The Amerindian conference

Editorial
Stabroek News
May 30, 1999


At the end of April, Amerindian captains and touchaus from over 100 villages representing all the regions of Guyana, except Region 4, gathered in St Ignatius for a national conference to discuss issues of concern to them. Among the topics on the agenda were land rights, constitutional reform, the local government system and the impact of protected areas, logging and mining on their lifestyle and/or environment.

Traditionally it has always been difficult to get a consensus among the Amerindian nations, because their settlements were scattered and communication was difficult. However, external funding for indigenous conferences is far more forthcoming than it used to be, in addition to which, as the Government opens up the interior, contact between the various peoples will become much easier. What it means, therefore, is that the administration will more and more be facing demands from the Amerindians as a whole, rather than from individual settlements or clusters of settlements.

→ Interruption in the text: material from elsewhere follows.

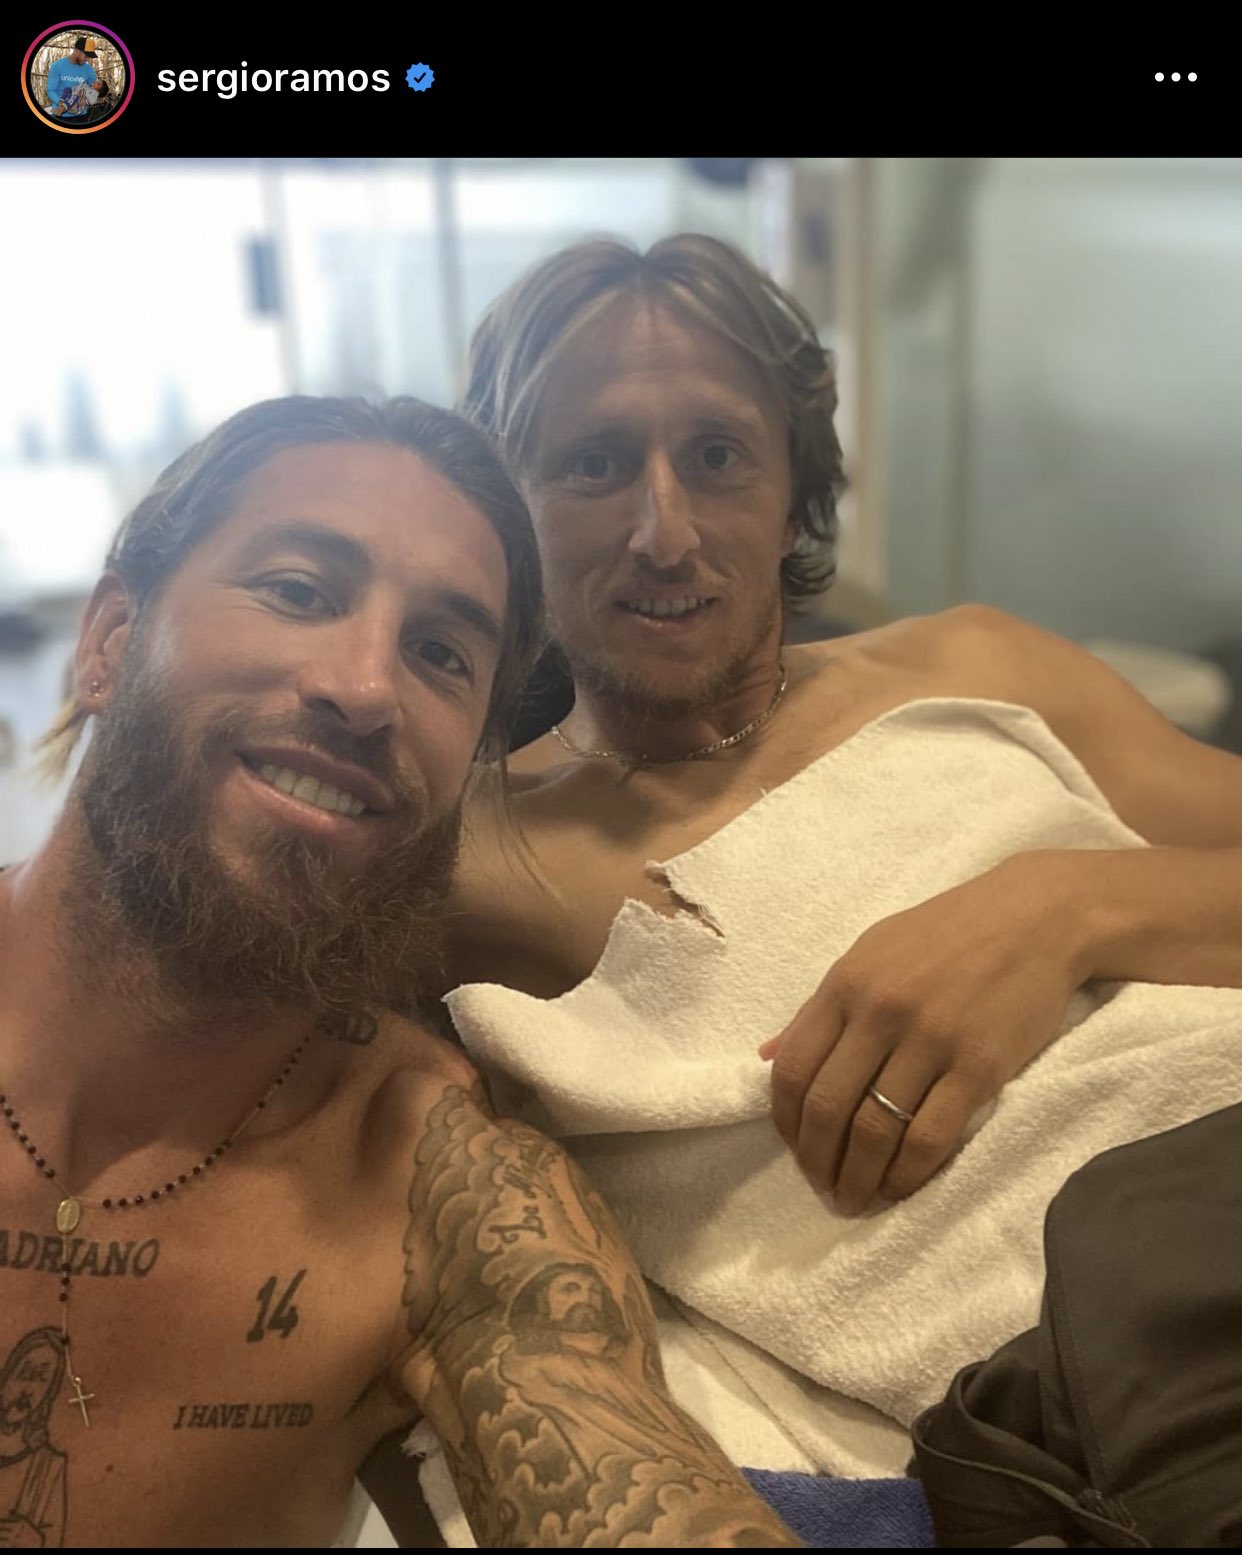 bala Y equipo compromiso Footy Humour on Twitter: "Why does Luka Modric look like he has just given  birth to Sergio Ramos' baby? https://t.co/nNcM61wfu5" / Twitter
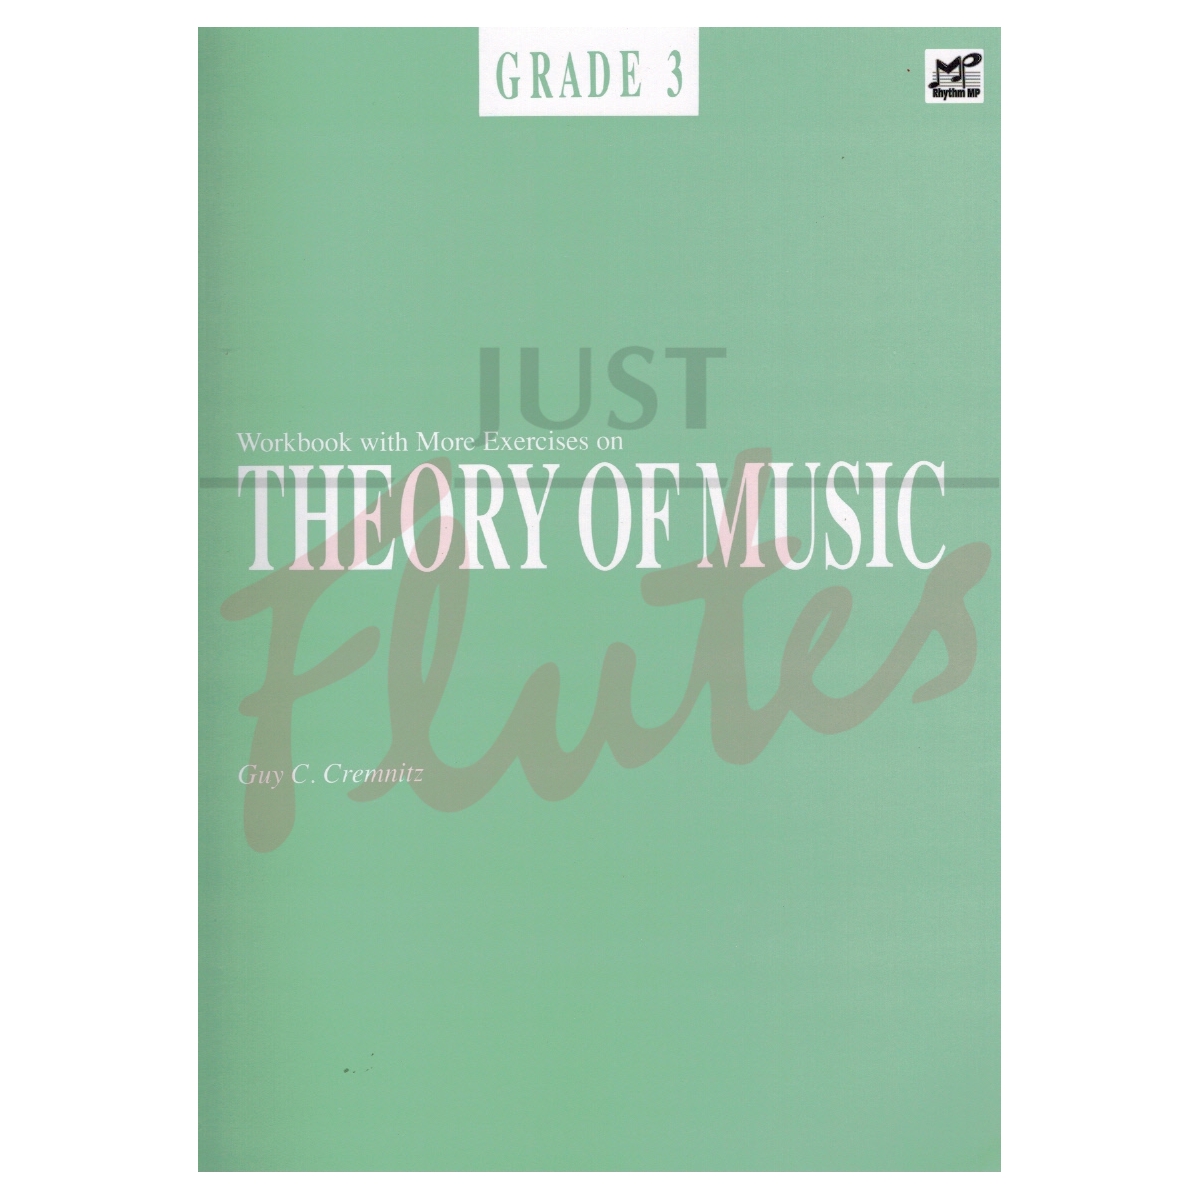 Workbook with More Exercises on Theory of Music Grade 3

The Government has been particularly tardy in acknowledging the problems of the interior, and in resolving the competing claims there of the different interest groups. At no time, for instance, has it made any attempt to frame an interior policy which would deal with the whole matter of interior development, and supply the guidelines for the resolution of some of those conflicts. Instead it has simply meandered along, giving out logging and mining concessions as it sees fit, while at the same time committing itself to the partly incompatible aims of environmental responsibility, eco-tourism development and respect for Amerindian rights.

If it thought that the Amerindians for their part would be content with just rhetoric, then it must now be discovering how much of an error that is. At every indigenous forum the autochthonous peoples bring up the question of land rights. After more than six years, the administration has shown no inclination to address the problem, and when it does talk about land, it is inevitably referring to nothing more than cadastral surveys of those villages which hold title under the 1976 Amerindian Act. It has not, however, come to terms with the demands of those settlements which do not hold title, or the ones which do, but claim that the land which they were apportioned is insufficient for their needs.

The question of land rights in particular, has to be settled as a matter of some urgency. If it is not, it will come back to haunt the Government, and could cause all kinds of interference with their future plans for the interior. After the conference in St Ignatius, Mr Eugene Isaacs of Region 9 called upon the administration to establish a formal lands claims settlement procedure by which outstanding claims could be resolved. Last year the Amerindian Peoples' Association had suggested the re-establishment of an Amerindian Lands Commission. Whatever form it takes, some mechanism is necessary to facilitate a resolution of the issue.

All over the hemisphere, indigenous populations are clamouring for their rights and are beginning to exert their power, sometimes assisted by funding from outside. The Government has nothing to gain, and a great deal to lose by procrastination. It needs to start talking to the Amerindian representatives from all the regions soon; issues left to fester can take on different dimensions, and then they become even harder to solve.